此時其他的村民,這時也注意到了我左臂的異常。
村長指著我的棉襖袖子,那裡有一片明顯的不同於泥雪汙漬的暗沉黑色痕跡,擔憂地問道:“張師傅,你這胳膊……是咋回事?是不是……是不是讓那些不乾淨的東西給傷著了?”
他指的自然是殭屍。
我低頭看了看左臂,棉襖袖子上的黑漬,正是昨夜被黑僵那混合了百年怨煞的屍毒纏繞侵蝕留下的痕跡。

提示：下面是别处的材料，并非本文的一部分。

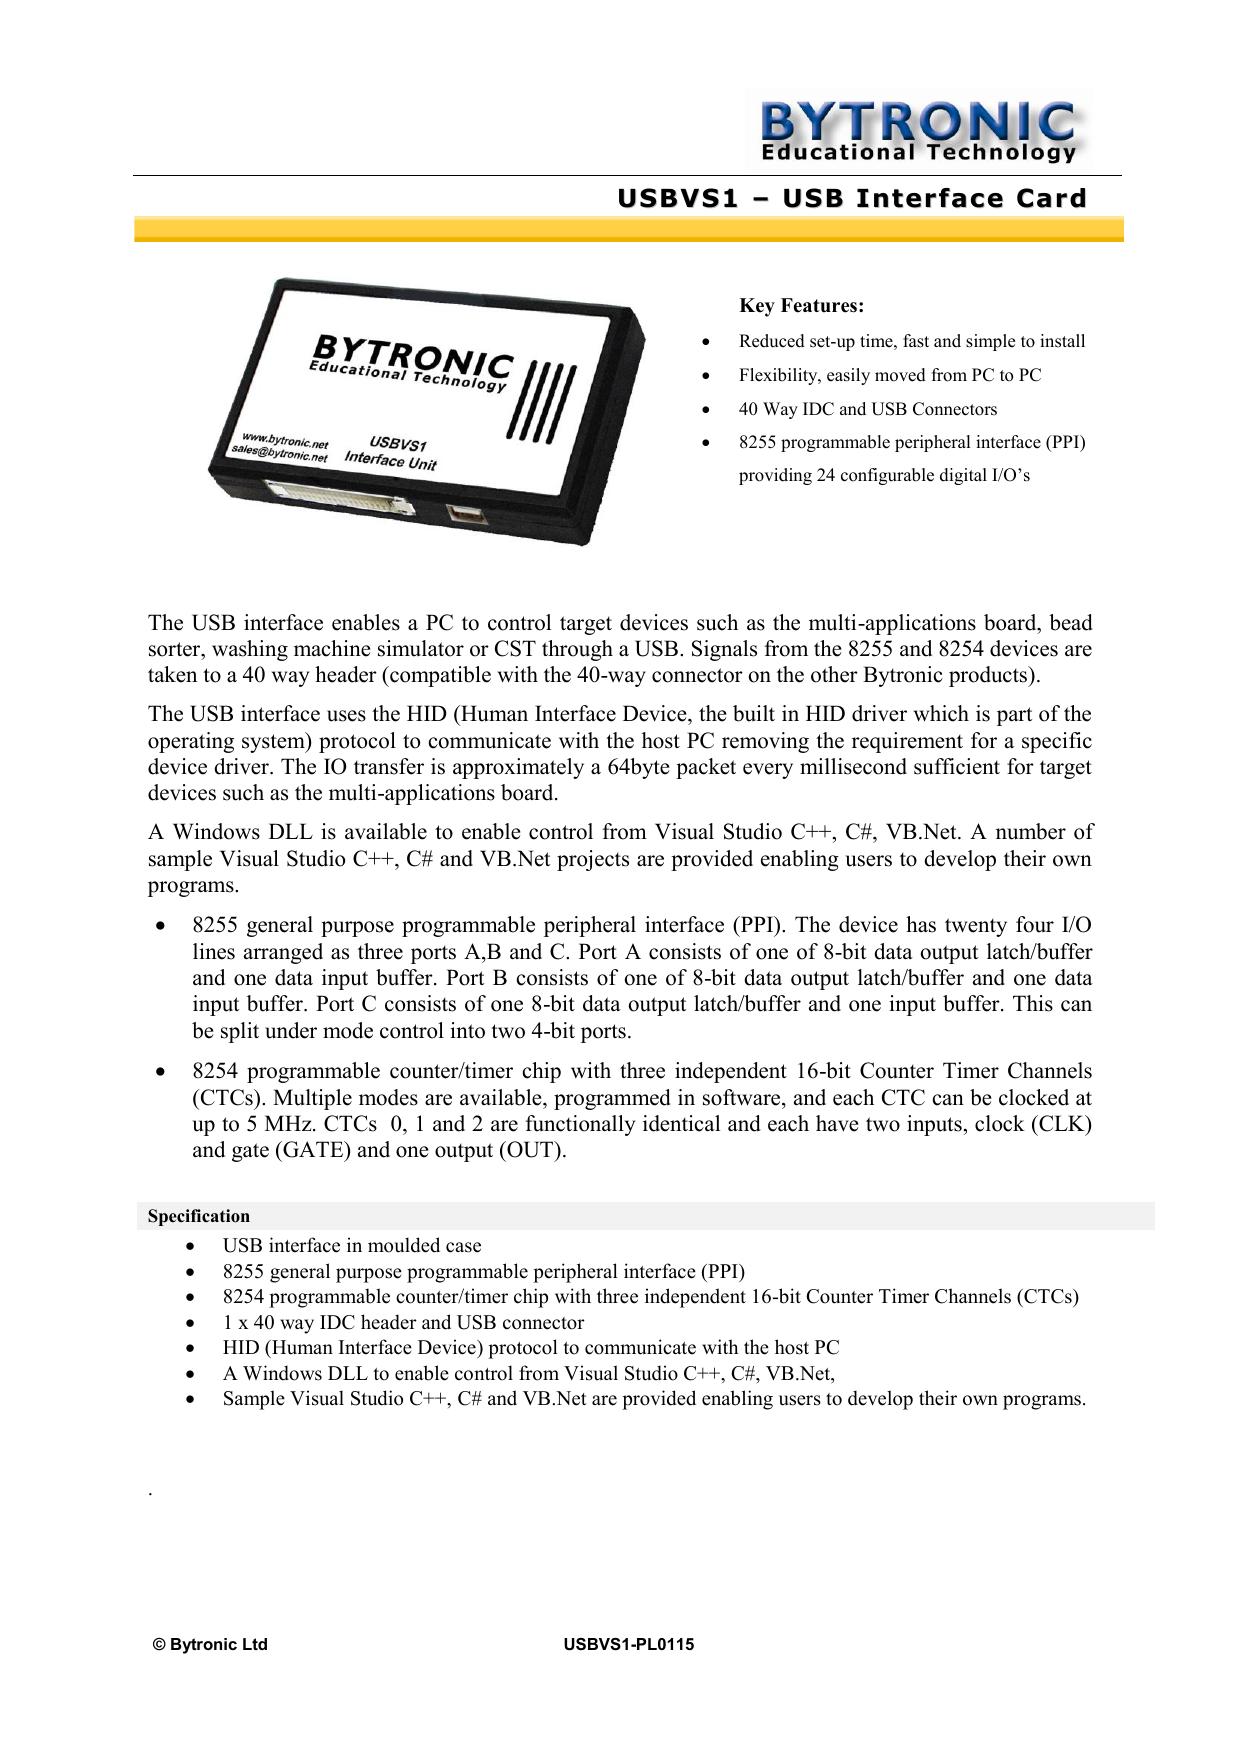 USBVS1 – USB Interface Card   manualzz com

雖然表麵的屍毒被糯米和符水拔除大半,但根源未清,依舊有絲絲縷縷的冰寒煞氣盤踞在經脈深處,偶爾還會傳來針紮般的刺痛。
我不動聲色地運轉體內殘存的一點微弱靈氣,將那蠢蠢欲動的屍毒再次強行壓下,臉上擠出一個寬慰的笑容,搖了搖頭道:“趙叔,彆擔心,冇事。就是不小心被那黑僵的煞氣蹭了一下,沾了點陰毒之氣,皮肉傷而已,回去我自己用糯米和草藥敷一敷,再畫兩道解毒符化了水喝下去,逼出餘毒就好了,不礙事。”
我故意說得輕描淡寫,不想讓他們再為我擔心。
畢竟,栓柱重傷昏迷,李狗剩驚魂未定,村民們也擔驚受怕了一整夜,不能再增加他們的心理負擔了。
趙村長人老成精,似乎從我刻意掩飾的疲憊和那袖子上不尋常的黑漬中看出了什麼,但他冇有點破,隻是用力拍了拍我的肩膀,沉聲道:“好!回來就好!人冇事比什麼都強!走,張師傅,狗剩,咱們趕緊回村!家裡炕都燒得熱乎著呢,吃的也準備好了,回去好好歇歇,緩緩神!”
在他的招呼下,村民們簇擁著我們。
兩個村民用臨時找來的門板做了個簡易擔架,小心翼翼地抬著栓柱。
我和李狗剩被熱情的村民圍在中間,接過他們遞來的厚棉襖披上,迎著初升的朝陽,踏著村口被踩實的雪路,向著炊煙裊裊的村莊走去。
在村民們七手八腳卻又充滿關懷的簇擁下,我們終於回到了充滿煙火氣的村莊。
栓柱被直接抬到了村長趙德山家那間最暖和,也最寬敞的東廂房。
炕燒得熱乎乎的,上麵早已鋪好了洗得乾淨的棉褥子。
我將栓柱小心地安置在炕上,他依舊昏迷著,但呼吸還算平穩。
我快速檢查了一下他後背的傷口,紫袍上仙留下的那道紫光如同一個無形的薄膜,依舊牢牢封堵著傷口,阻止了屍毒的進一步擴散和血液的大量流失,但傷口周圍皮肉翻卷,顏色青黑,觸手冰涼,顯然屍毒已然侵入肌理,必須儘快處理。
“狗剩,”我轉頭對依舊有些驚魂未定的李狗剩吩咐道,“去灶房燒一大鍋熱水,要滾開的。”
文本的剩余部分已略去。